Oscar Arias says it is now the job of the OAS to settle the dispute, which is bizarre since a) the OAS has already failed in that regard; and b) the coup government has not backed down from its insistence that Zelaya not return as president. If the latter does not change, it does not matter who is mediating.
Rumors are flying about when Zelaya will try to return. He says "Only God will stop me," which seems not to take into account the Honduran military.
For now, we wait. And hope this doesn't become violent.
12 comments:
Greg, your analysis consistently comes up wanting inasmuch as your parameters of discussion are imbued and truncated by frames of reference defined by US imperialism. To be fair, the US intelligensia, by and large, operate within this antidemocratic and antihuman rights framework.
To wit: reguarding your framing of events in this post--you slide and eviscerate the fact that violence is being engaged on a daily basis by the coup regeim. People are being harassed, many are in hiding, hundreds have been beaten and jailed, deathsquads have assasinated, media terrifiEd and shut down, etc
Just because coup-freindly US media will not highlight this low-level terror, doesn't mean that you should follow their squalid, anti-democratic example.
Such examples of non-critical thinking have been rife for decades--and it serves to bolster human oppression, always has.

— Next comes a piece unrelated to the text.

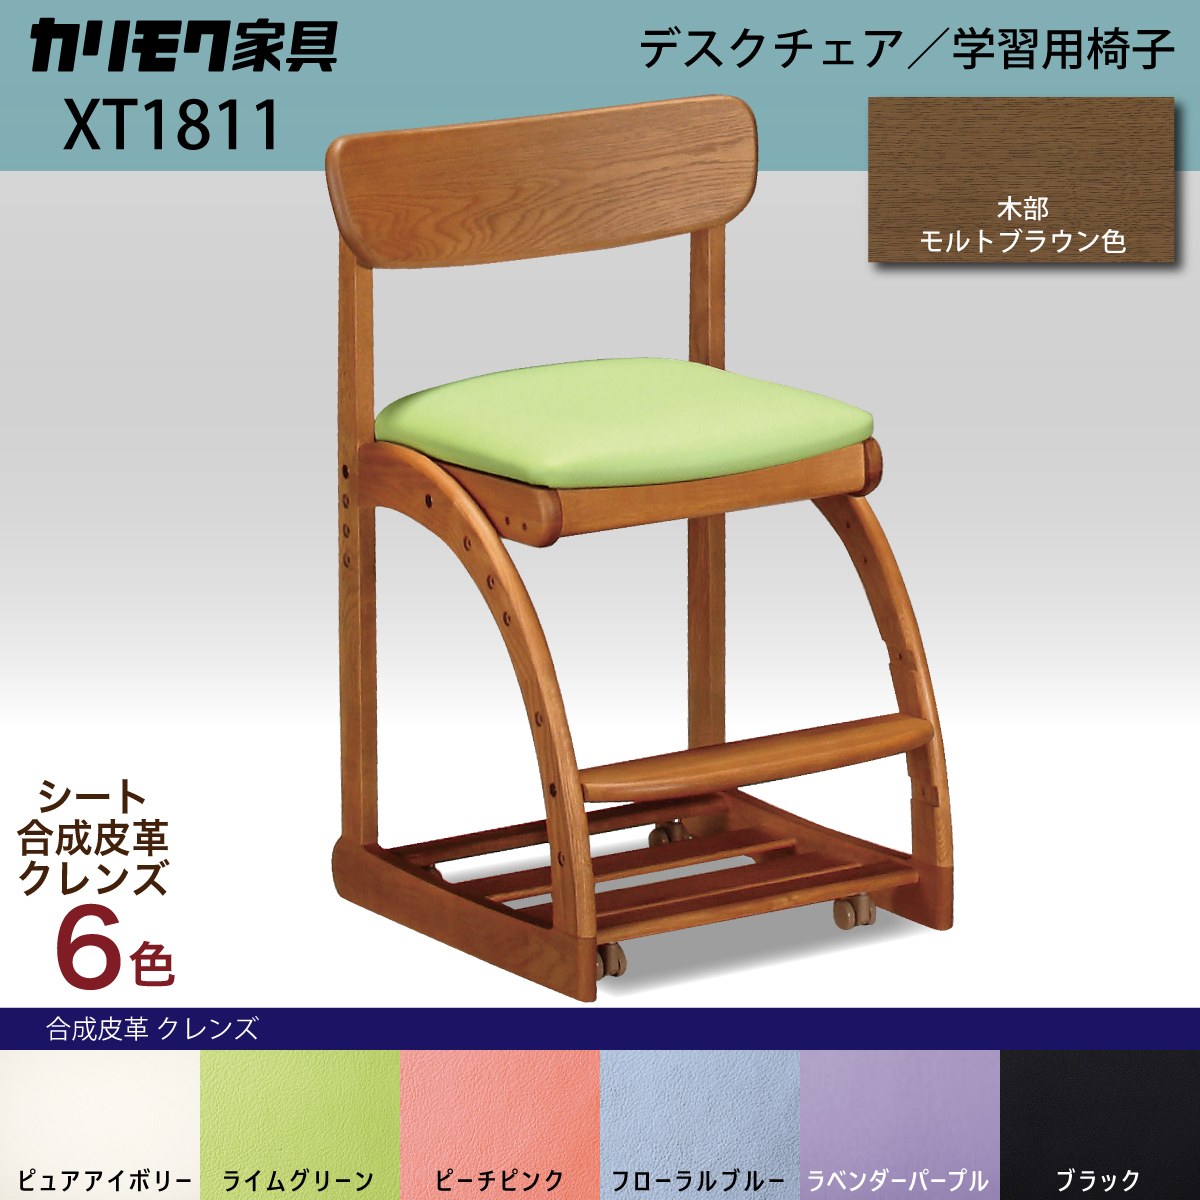 カリモク 学習椅子 木製 XT1811 モルトブラウン色 デスクチェア 子供

RAJ is the same analyst that claimed that Zelaya's 'opinion poll' was needed because you couldn't do a traditional poll since so many Hondurans lack phones. This came as a suprise to the many pollsters that have, for decades, conducted polls in Latin America by sending interviewers house-to-house So forgive me if I trust the LA Times a bit more.
RAJ also is the analyst that claimed that even though the courts clearly ruled the poll illegal and the ballots impounded, Zelaya was right in storming a military base with his supporters since there were other interpretations of the law possible. This will come as welcome news to authoritarian presidents worldwide. We can call it the 'Zelaya rule'. Presidents get to choose what rulings they will follow and which they won't. (or you can avoid all pretense of separate powers, like Fidel's Cuba).

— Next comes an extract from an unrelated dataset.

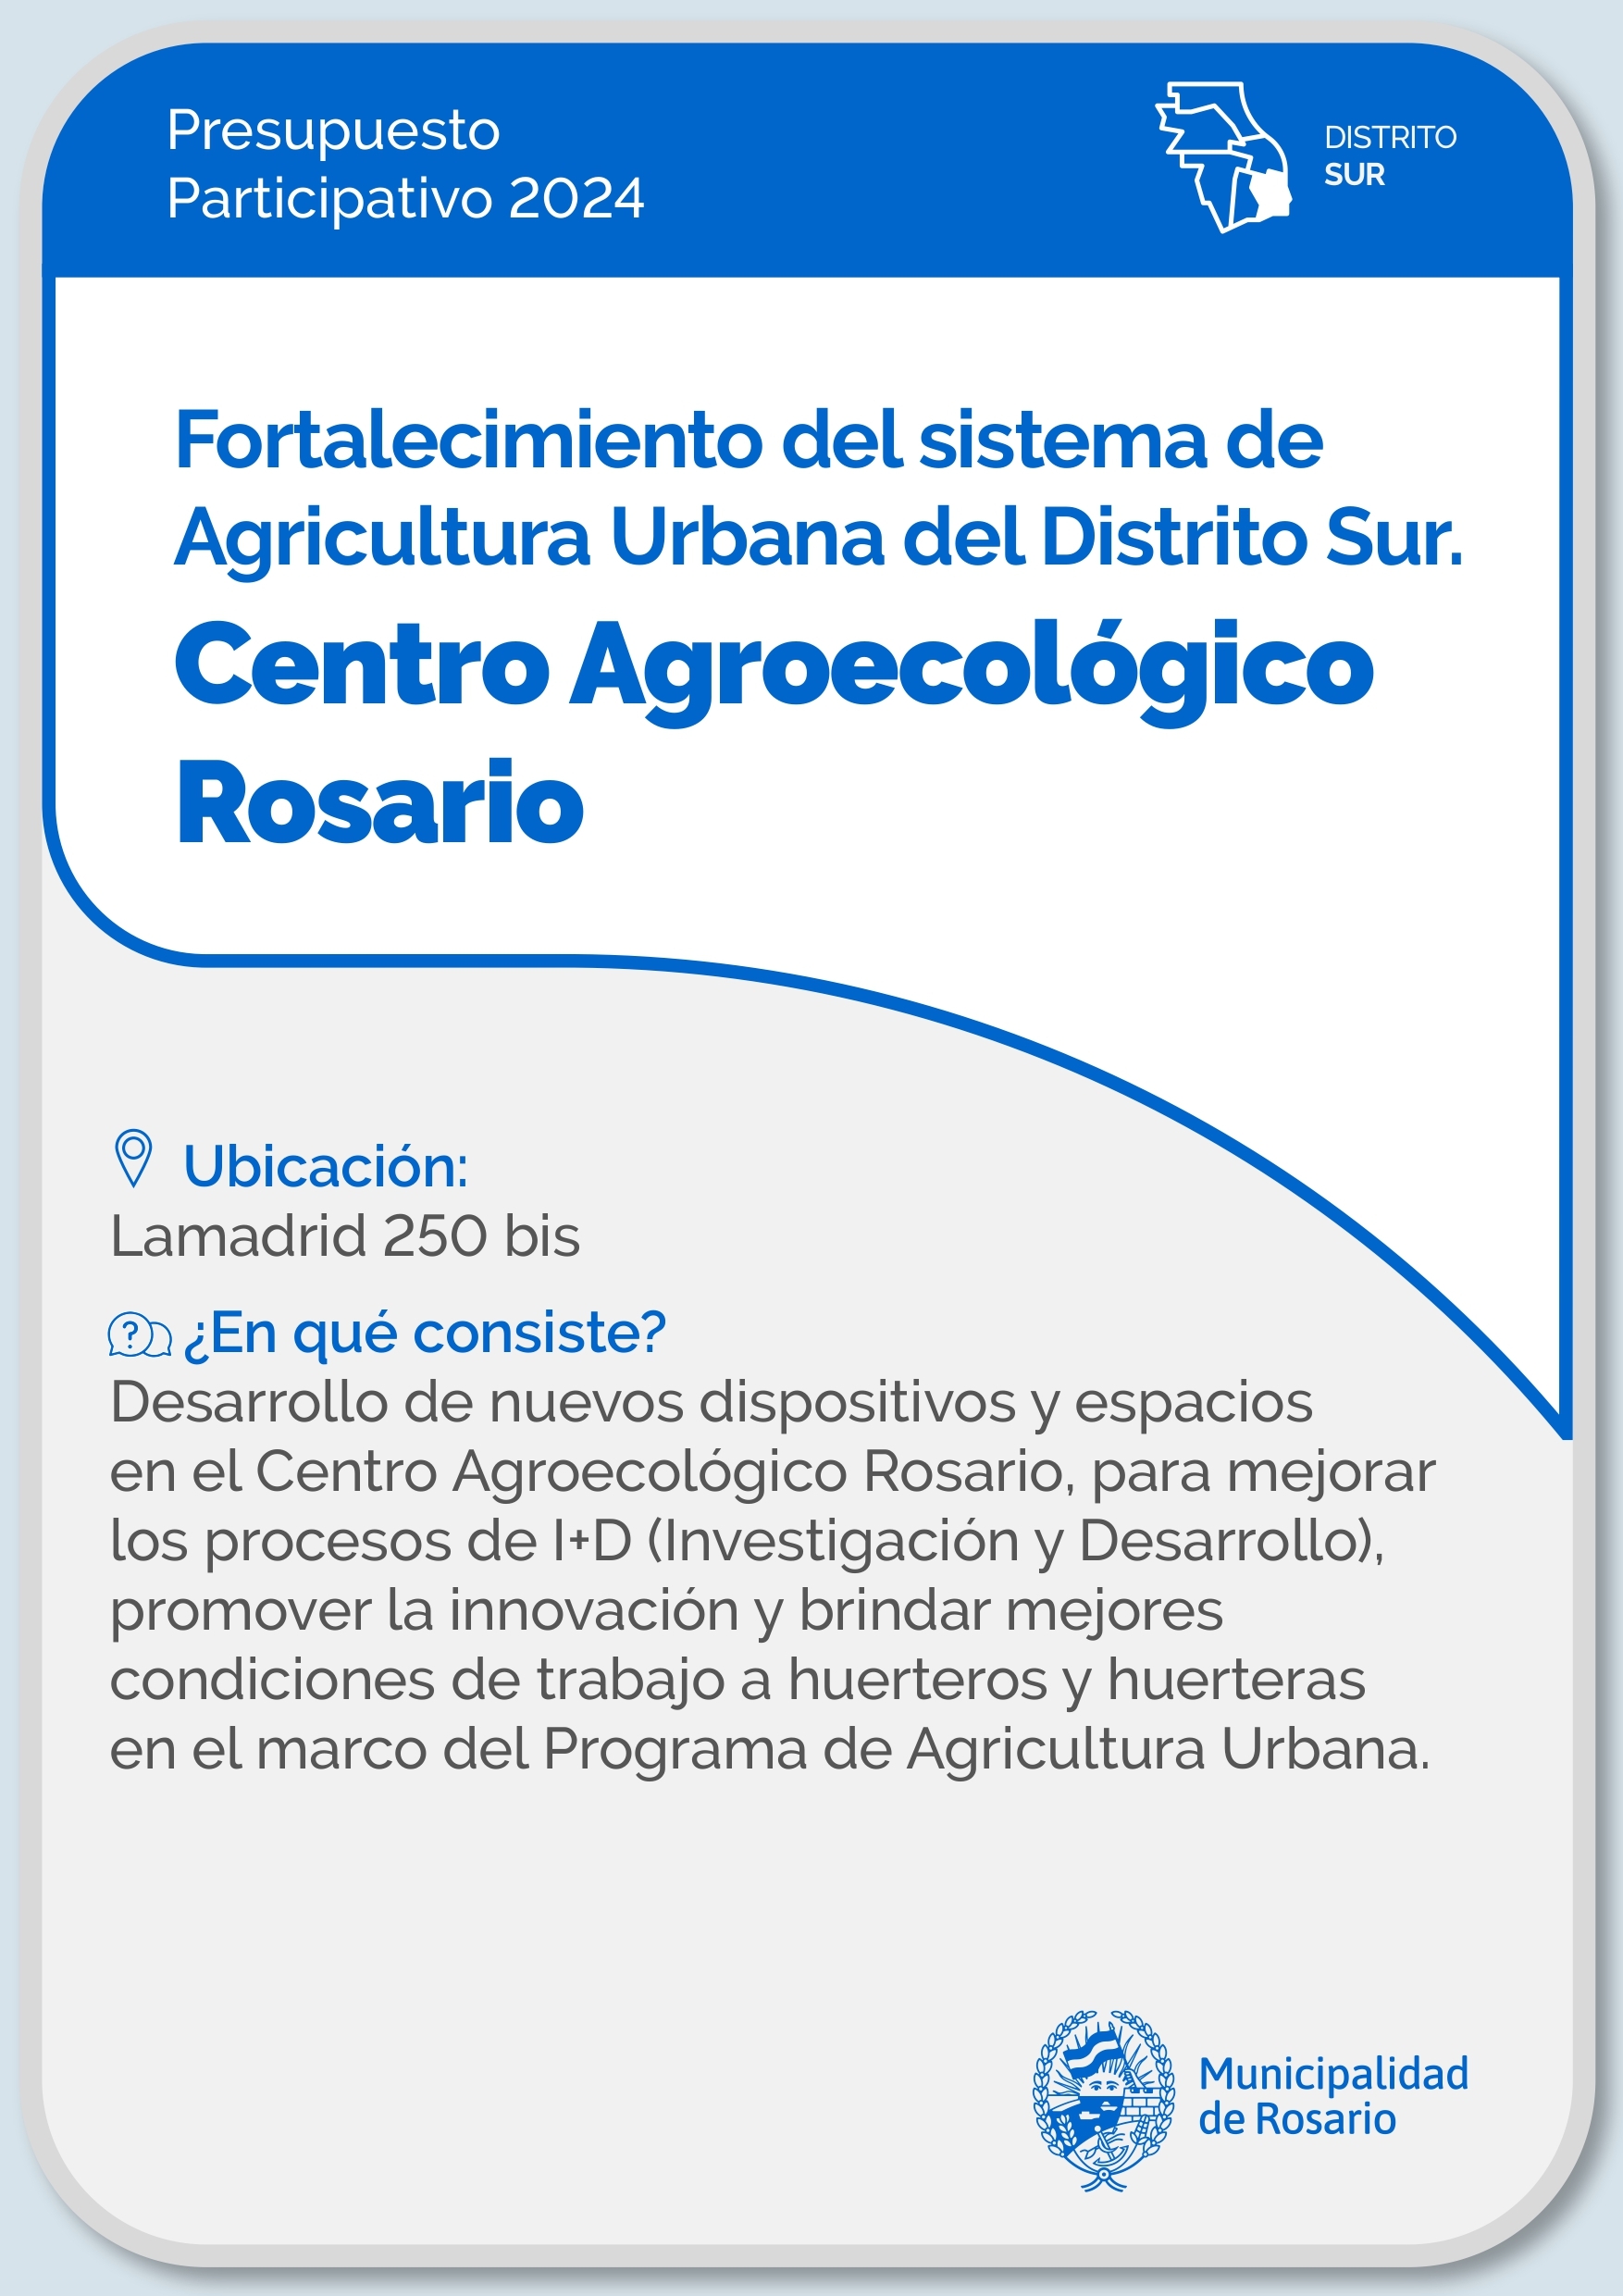 Fortalecimiento del sistema de Agricultura Urbana. Centro Agroecológico Rosario  - Distrito Sur

Weak as RAJ's analyses are, they point to a fundamental premise in the arguments of Zelaya's supporters, and it's that not only is Zelaya the legitimate president of Honduras but that none of the other institutions (SC, Electoral Tribunal, Congress, Attorney General) have any legitimacy. It is an argument supported by the actions of the OAS. One wonders why have any independent institutions at all, why not move the whole of Latin America to the Cuba model?
I would say that any government or institution that thwarts mechanisms through which the population is consulted and the system changed congruent to the desire of the people his illegitimate.
Especially I'm countries that suffer oppression for centuries.
The effort by Honduras elites to stop the poll so as to guage public sentiment showed that the institutions were/are oppressing the people.
For now, we wait. And hope this doesn't become violent.
It's already violent, and the violence is entirely one-sided. A coup is itself an act of violence, and this one, like most coups, has been followed up with assaults, arbitrary detentions, threats that have driven people out of the country and into hiding, assassinations, and the suspension of basic constitutional civil liberties.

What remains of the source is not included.